Create a free Overdrive account to continue reading

Long Roads and Wild Rivers

Trucker Darcy Linklater grew up around big rivers. When he leaves the road “in a few years,” he and wife Verna will build a new life around their tackle shop in tiny Starbuck, Wash.

Darcy Linklater’s passion for the great rivers of the southeastern corner of Washington state and the fighting fish in them took hold of him when he was a child. And it has never let go of him.

But the fields around his tiny hometown of Dixie, Wash., needed trucks to haul produce and local canneries needed cans hauled to them, so Linklater, 54, became a trucker back in the 1960s.

Linklater drives long. He recently left his current home in tiny Starbuck, Wash., (“Population about 250 if you count people, cows and horses,” says his wife Verna Foley) just a handful of miles north of Dixie up State Highway 12, and was gone for a month and a day, rolling up 13,000 miles and averaging 500 miles a day.

When the chance arose, he’d daydream about the solitude of remote corners, backwaters and deep pools on familiar rivers like the Snake, Columbia, Walla Walla, Tucannon and Touchet.

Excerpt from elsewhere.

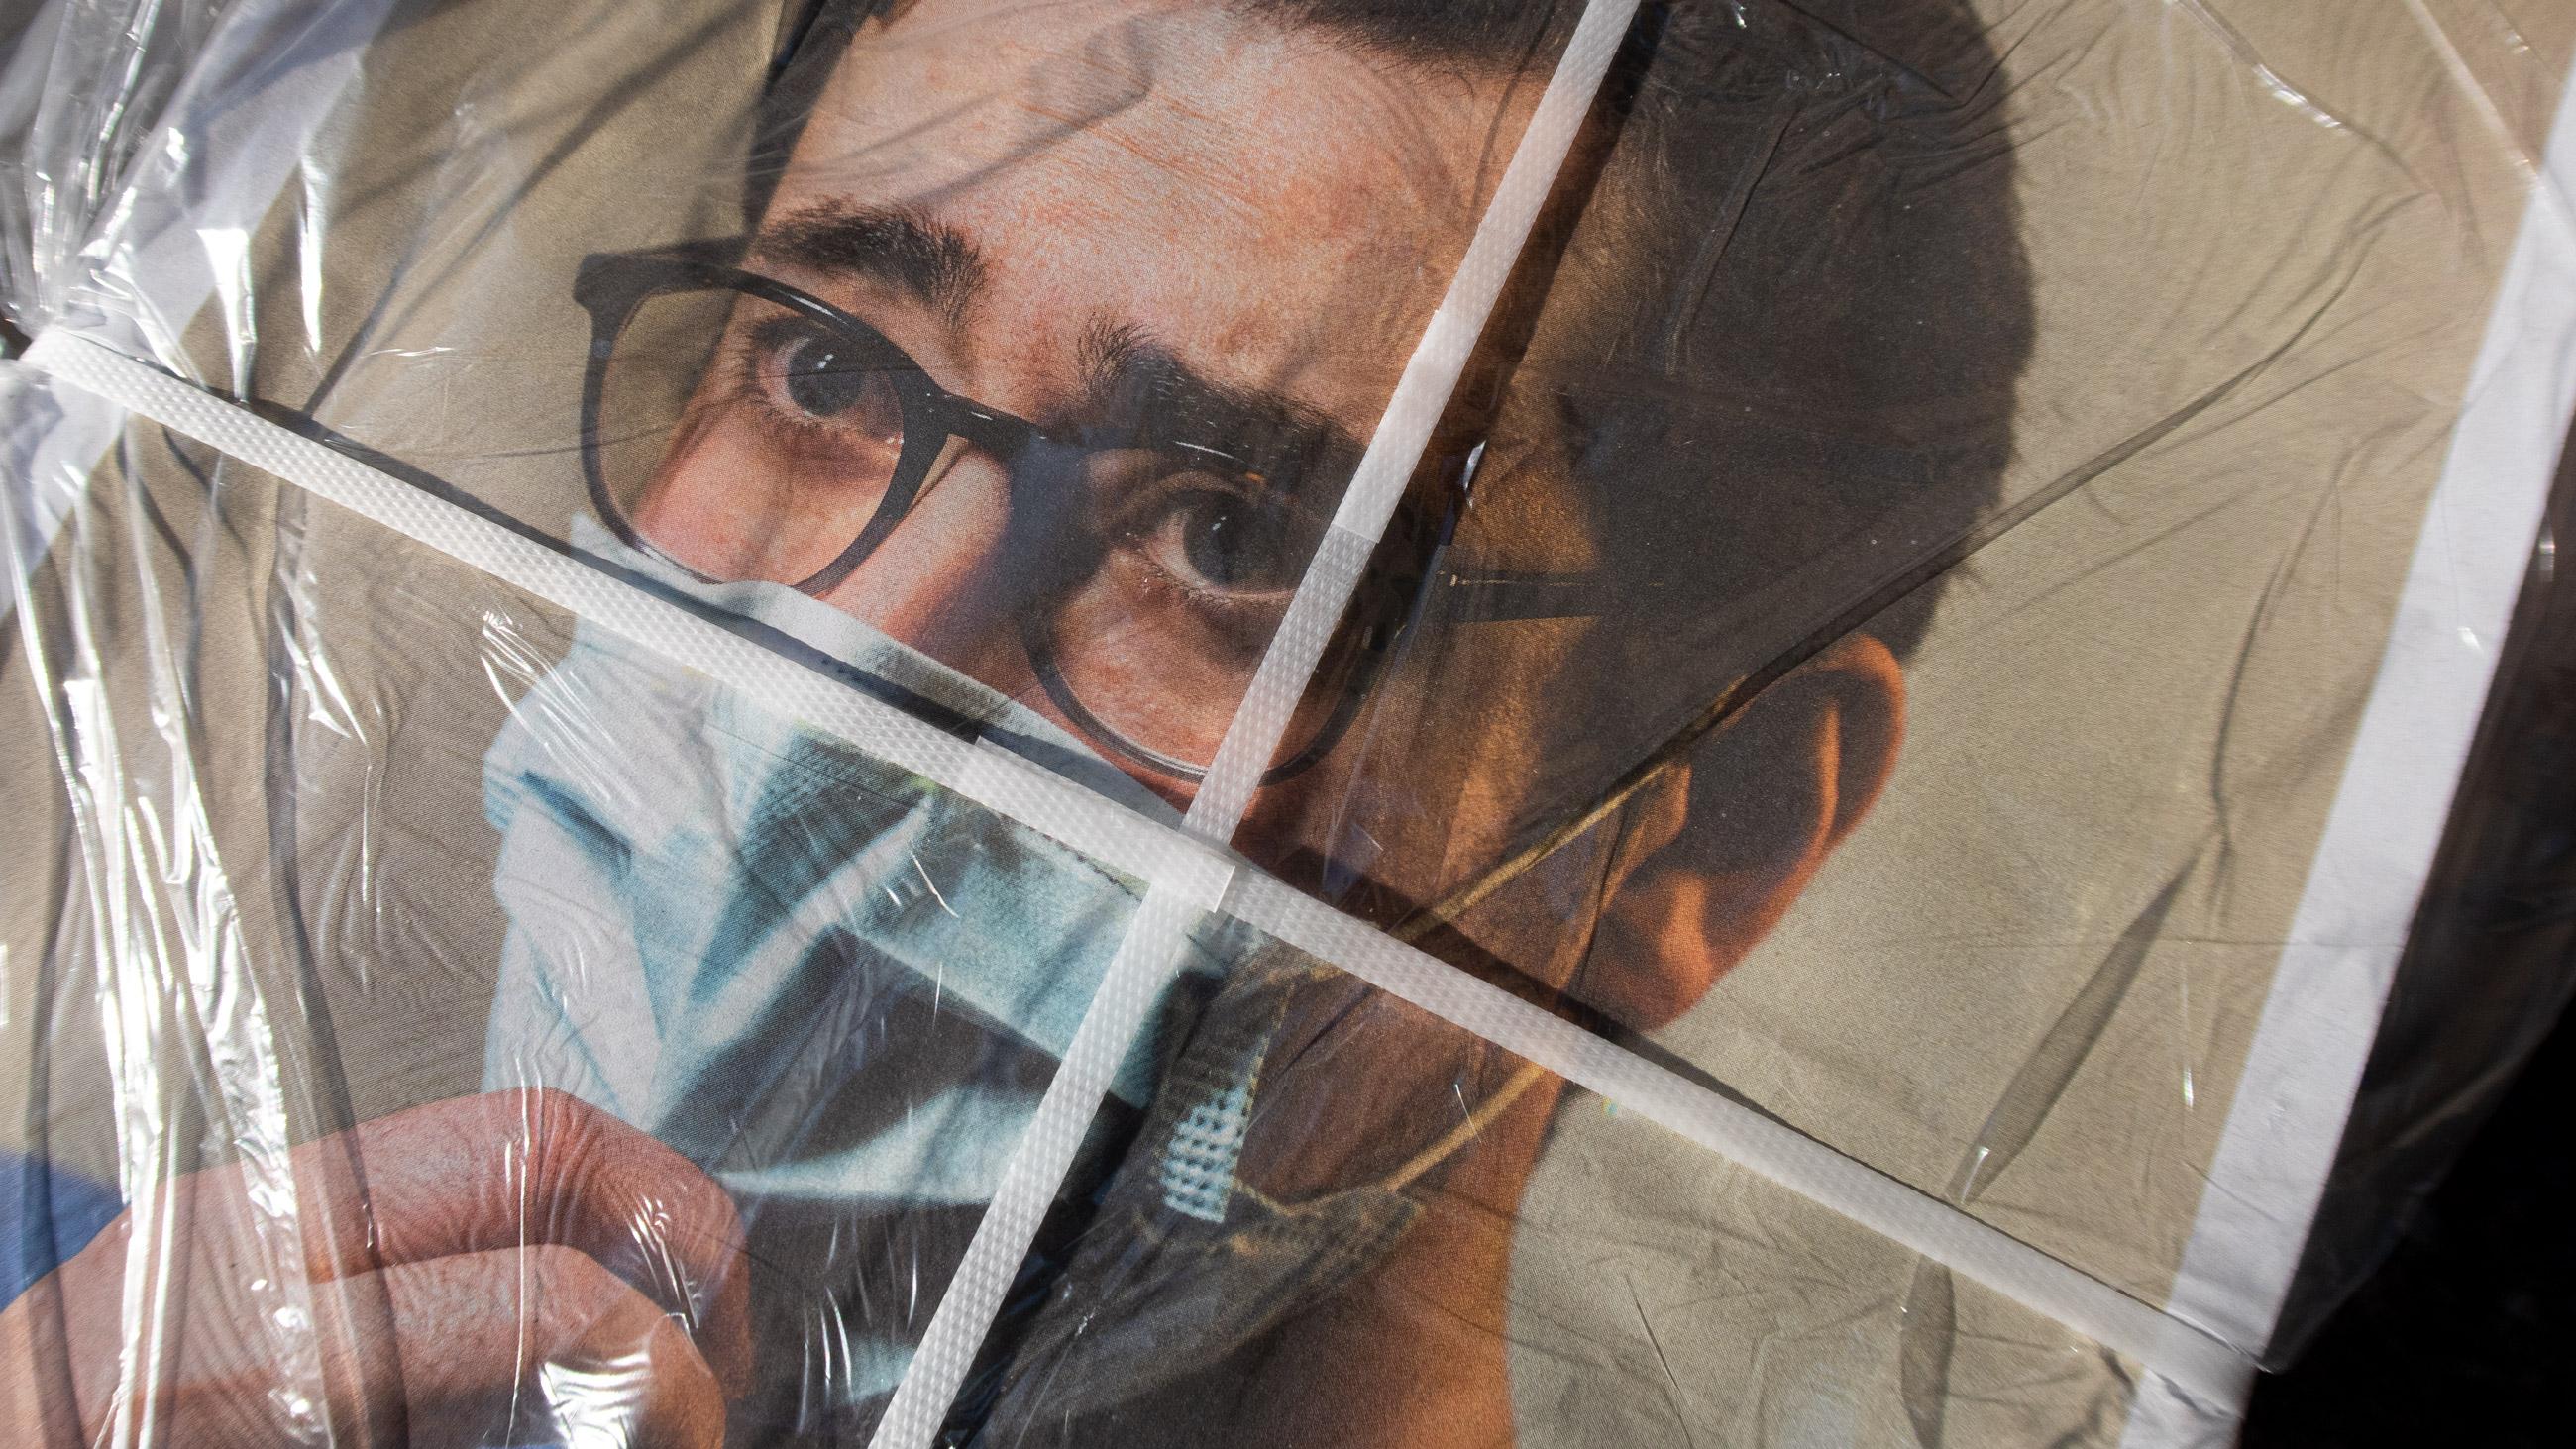 verpackte Zeitung des Stuttgarter Fotografen Patrick junker

These days Linklater is using his time off the road to build a business – a store called Darver Tackle and a personal guide service for people who want to fish these majestic waterways.

“I grew up around [these rivers], fishing them with my dad. Now wherever I am in America my mind is pretty much back here on a river,” says Linklater.

“I fished with my dad in all the rivers around here from the time I was a little kid. He showed me all kinds of places on the rivers and taught me how to fish them. I started fishing in local creeks with my dad, looking for trout, in the ’50s. Then in the ’60s we started fishing steelheads in the big rivers like the Snake. We’d catch really big sturgeon in the Snake. I used to fish here when this was a natural river, before the dams came. There was even a ferry we used, and now that’s in a museum.”